When you fetch a page from a website that is served from CloudFlare, Javascript has been injected on-the-fly into that page by CloudFlare, and they also plant a cookie that brands your browser with a globally-unique ID. This happens even if the website is using SSL and shows a cute little padlock in your browser. In fact, their entire approach to SSL appears to be a cynical marketing effort — it has a man-in-the-middle problem that cannot be resolved.

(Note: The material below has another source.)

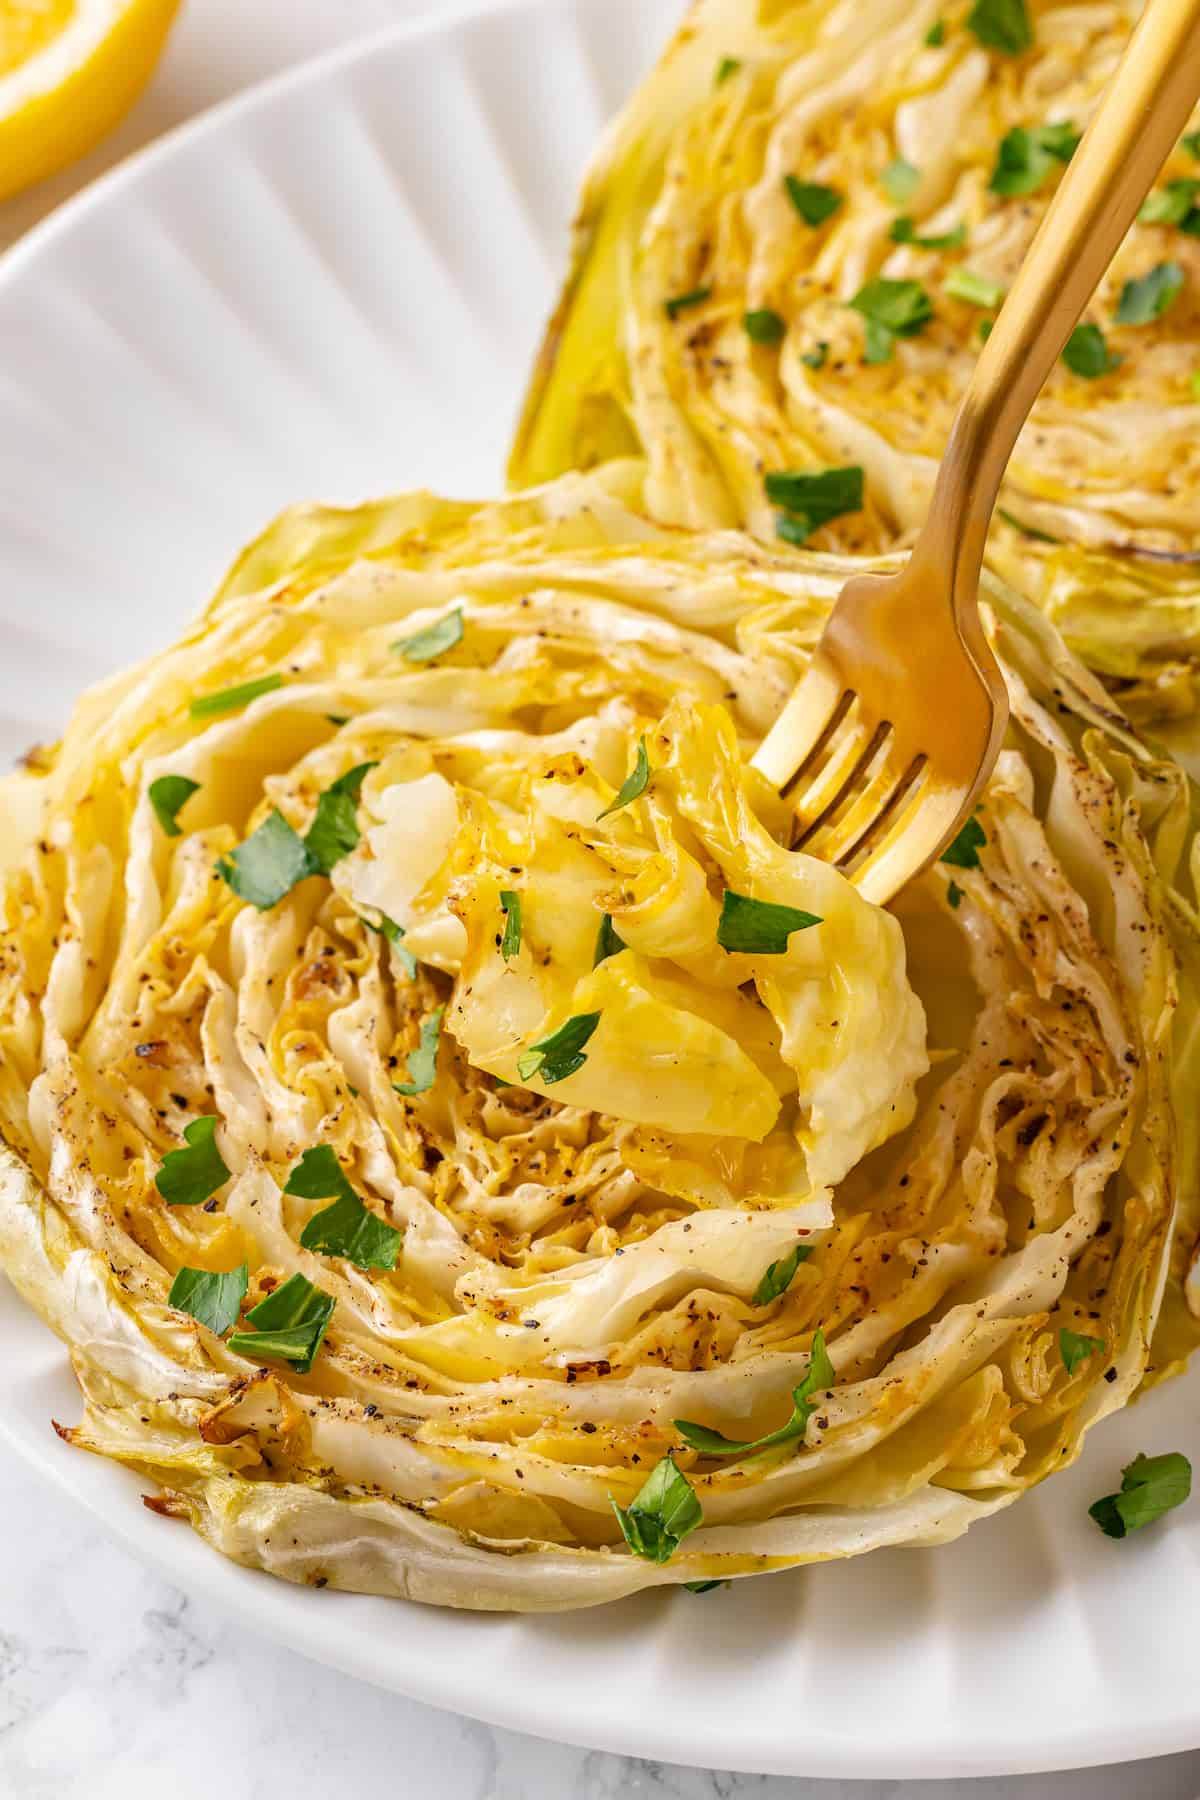 Two cabbage steaks on plate with gold fork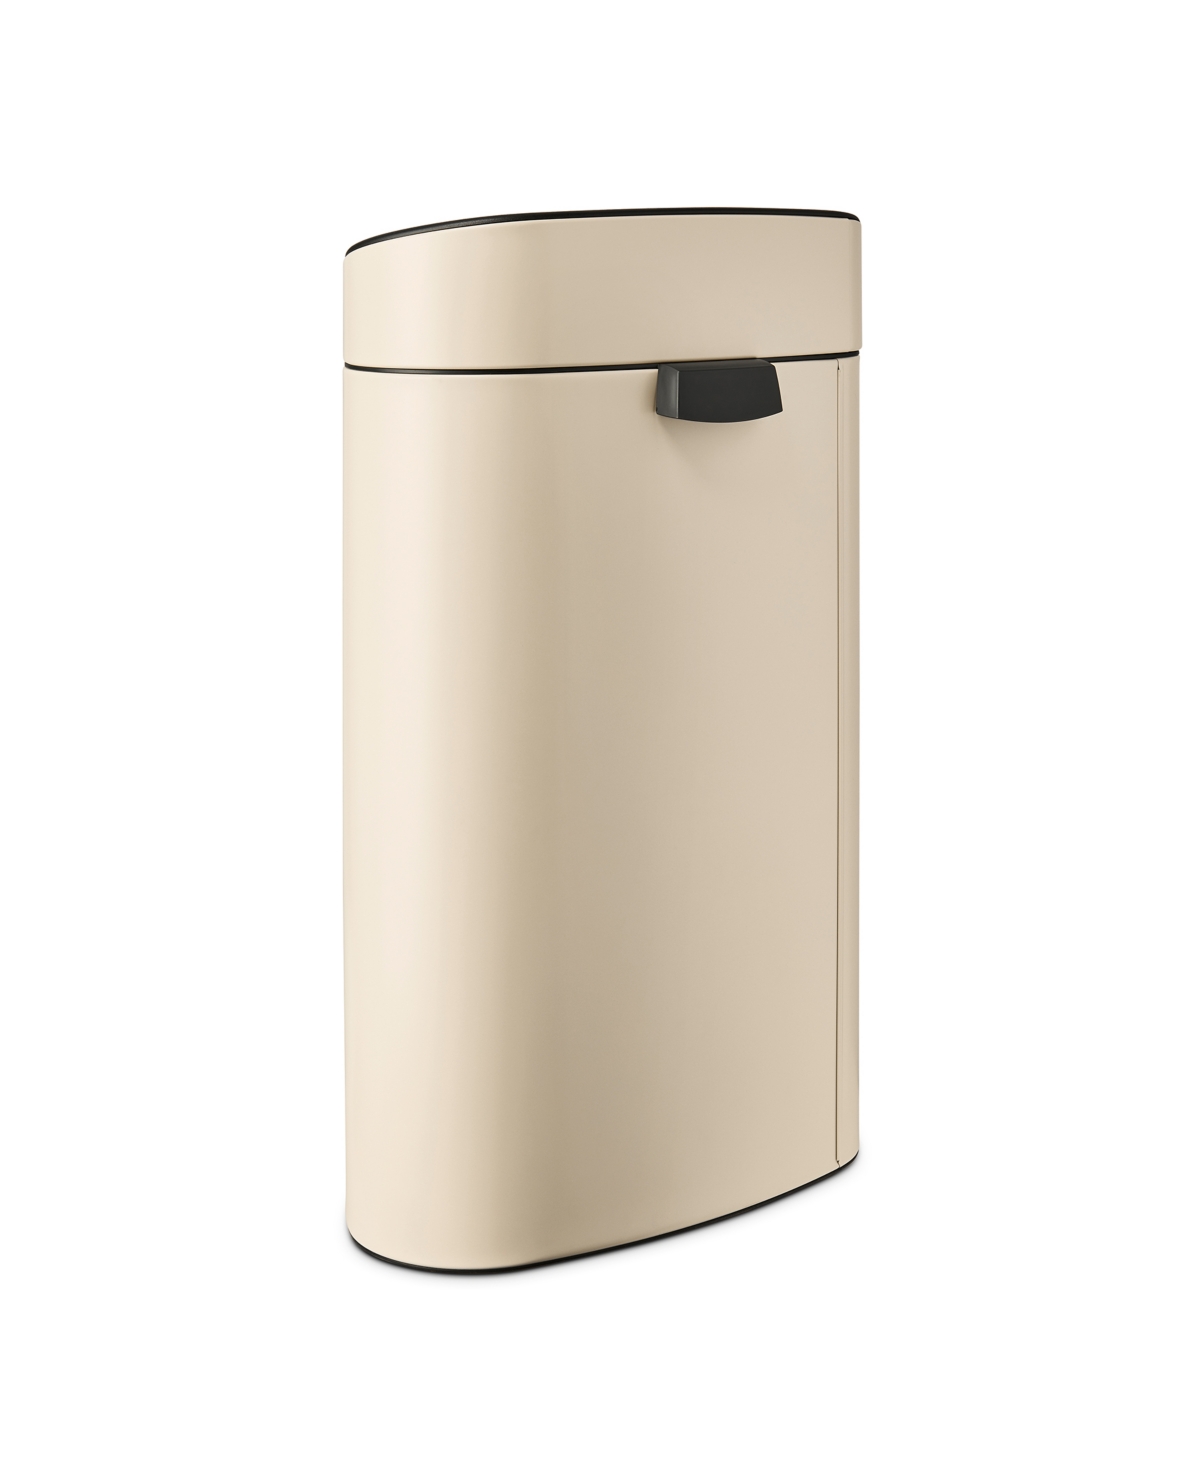 Brabantia Touch Top Trash Can New, 10.6 Gallon, 40 Liter In Soft Beige

We don't know if CloudFlare is tracking you. We do know that they are perfectly positioned to immediately begin tracking web surfers who visit selected sites hosted by CloudFlare. Is this why they proxy so many dodgy sites? Are they trying to jack up their stats and hype their way into another round of venture funding, or are they getting black-budget bucks from the feds?   Or both?

BBC reporter Zoe Kleinman wrote that Matthew Prince wanted $20,000 for the Honey Pot data. "That check showed up so fast," said Prince.   Michelle Zatlyn heard the story from Prince and replied, "If they'll pay for it, other people will pay for it." Soon she and Prince cofounded CloudFlare.

Prince gave a presentation in 2005 at a conference in Vienna.  And even today,
 LinkedIn brags of his "substantial work with government and law enforcement."
Project Honey Pot was launched by Prince's  Unspam Technologies,  a start-up
that began circa 2001 and can only be described as a slow-motion train wreck.